Ada banyak dugaan yang menyebut bahwa hewan biasanya menunjukan perilaku yang tidak biasa sebelum terjadinya gempa bumi. Bahkan dugaan semacam ini telah muncul sejak zaman Yunani Kuno.
Sekitar tahun 373 SM, dikatakan bahwa tikus, musang, ular dan kelabang berpindah dari rumah mereka sebelum terjadinya gempa hebat di wilayah tersebut. Tetapi, apakah hal ini bisa dibuktikan secara ilmiah? Sejauh ini, belum ada bukti ilmiah yang cukup yang bisa menjustifikasi bahwa hewan mampu memprediksi gempa bumi. Namun, penelitian tetap dilakukan untuk membuktikan kebenaran ilmiah dari dugaan ini.
Sebut saja penelitian di Max Planck Institute of Animal Behavior di Jerman yang dipimpin oleh Martin Wikelski.

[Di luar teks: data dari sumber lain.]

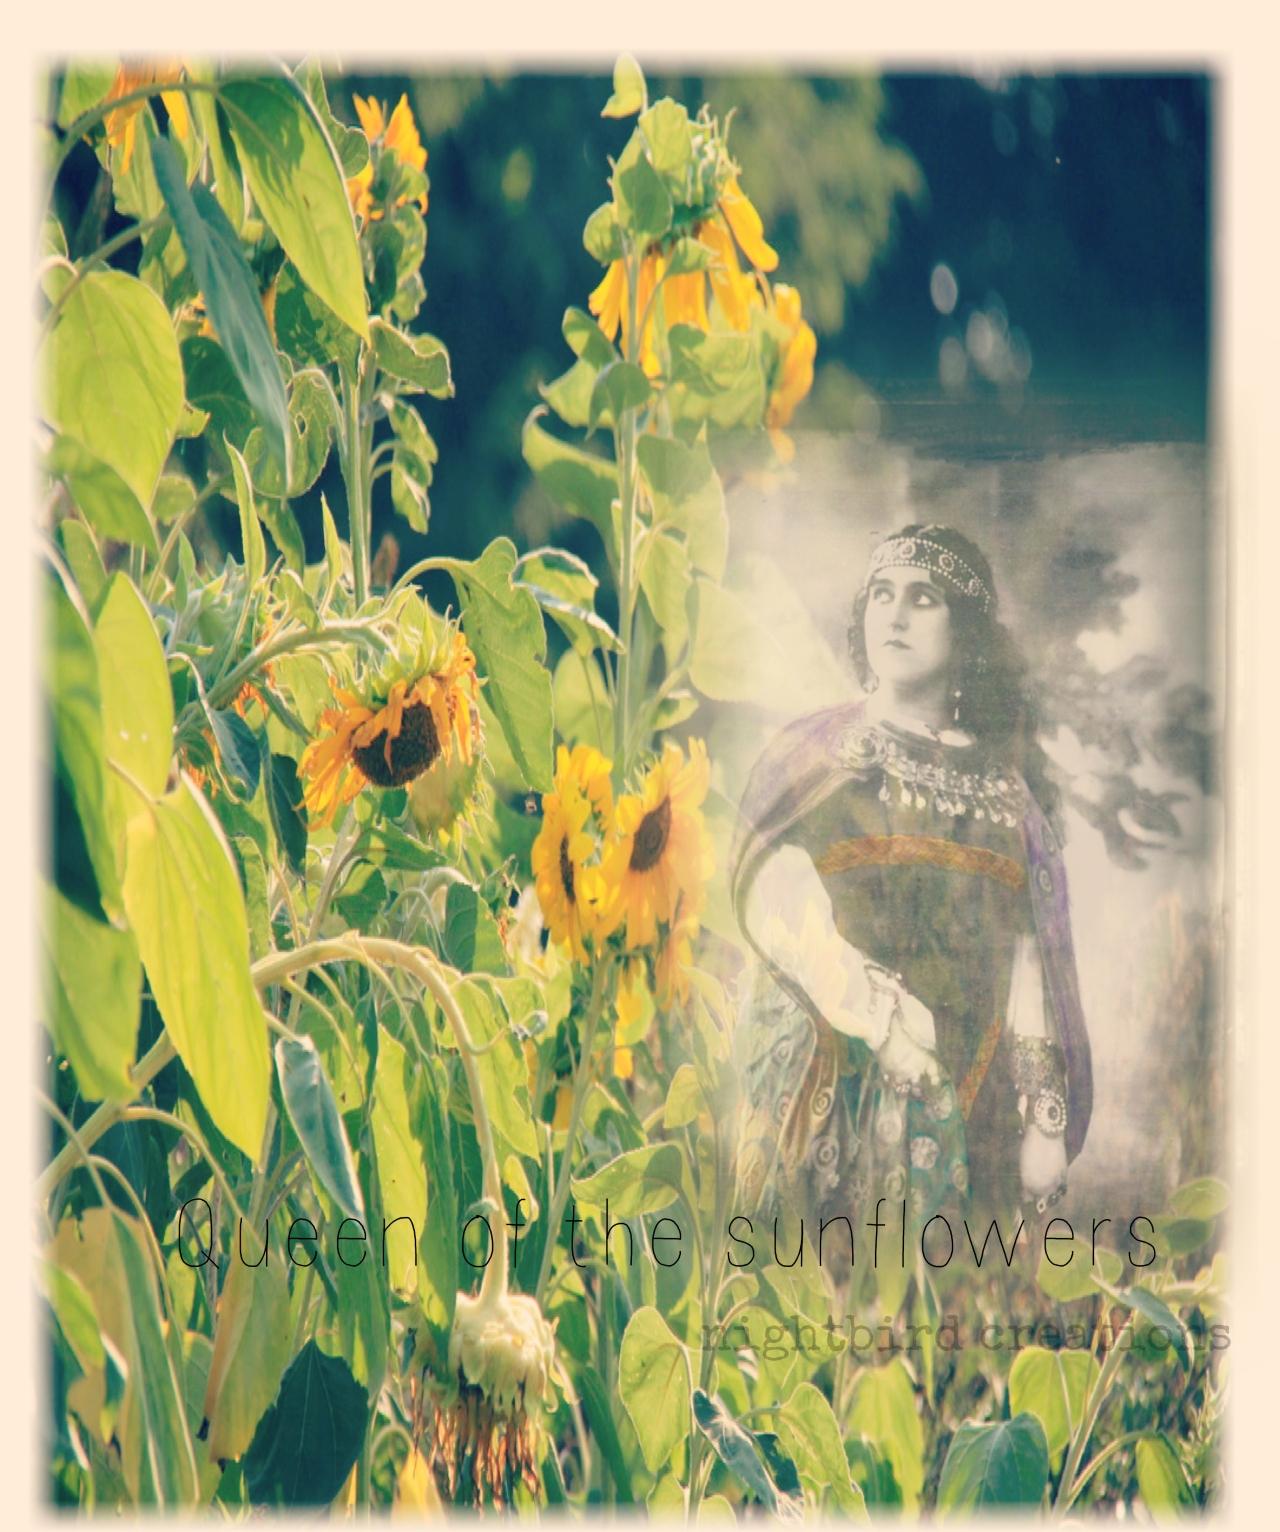 queen of the sunflowers wm
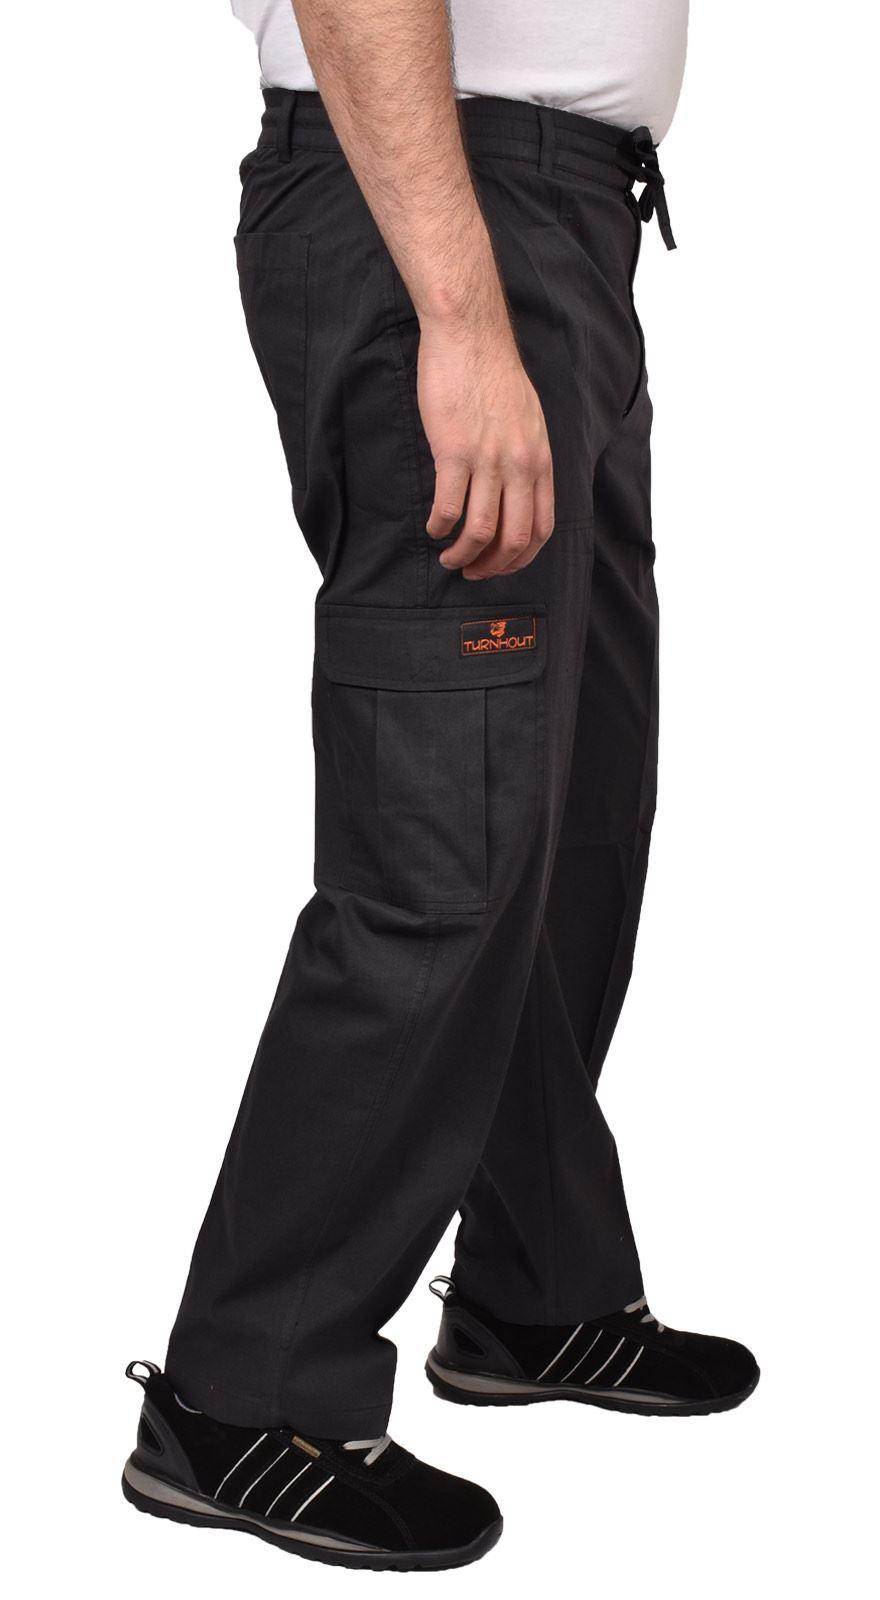 Para-Hombre-De-Carga-Combate-Pantalones-De-Trabajo-Bolsillos-Patrulla-Tactico-Pro-Algodon-Pantalones miniatura 9

Penelitian ini melakukan penyelidikan signifikan terhadap perubahan perilaku sekelompok hewan beberapa hari sebelum gempa melanda di habitatnya mereka masing masing.
Wikelski kemudian memasang sensor pada enam sapi, lima domba, dan dua anjing di bagian Italia Utara yang rawan gempa. Lalu, seluruh perilaku hewan beberapa bulan sebelum dan selama serangkain gempa bumi melanda, diamati dengan seksama. Hasilnya, terungkap bahwa ada perubahan perilaku 20 jam sebelum gempa pada hewan-hewan yang diteliti. Menurut laporan TRT World, 50% hewan-hewan ini jadi lebih aktif dibanding hari-hari sebelumnya.
Selain itu, Ahli Geologi Amerika Joseph L. Kirschvink juga pernah menyinggung perilaku hewan ini dalam jurnal ilmiahnya di tahun 2000. Ia mengatakan bahwa hewan dapat merasakan gelombang P beberapa detik sebelum gelombang S. Di mana gelombang P dapat merambat melalui zat cair, padat dan gas, sedangkan gelombang S hanya melalui zat padat. Sedangkan hanya sejumlah kecil manusia yang bisa meraskan gelombang P yang lebih kecil yang bergerak paling cepat dari sumber gempa dan tiba sebelum gelombang S yang lebih besar.
Sebagai informasi, gelombang P adalah jenis gelombang gempa tercepat dengan kecepatan 6 KM per detik, sedangkan gelombang S memiliki kecepatan 4 KM per detik.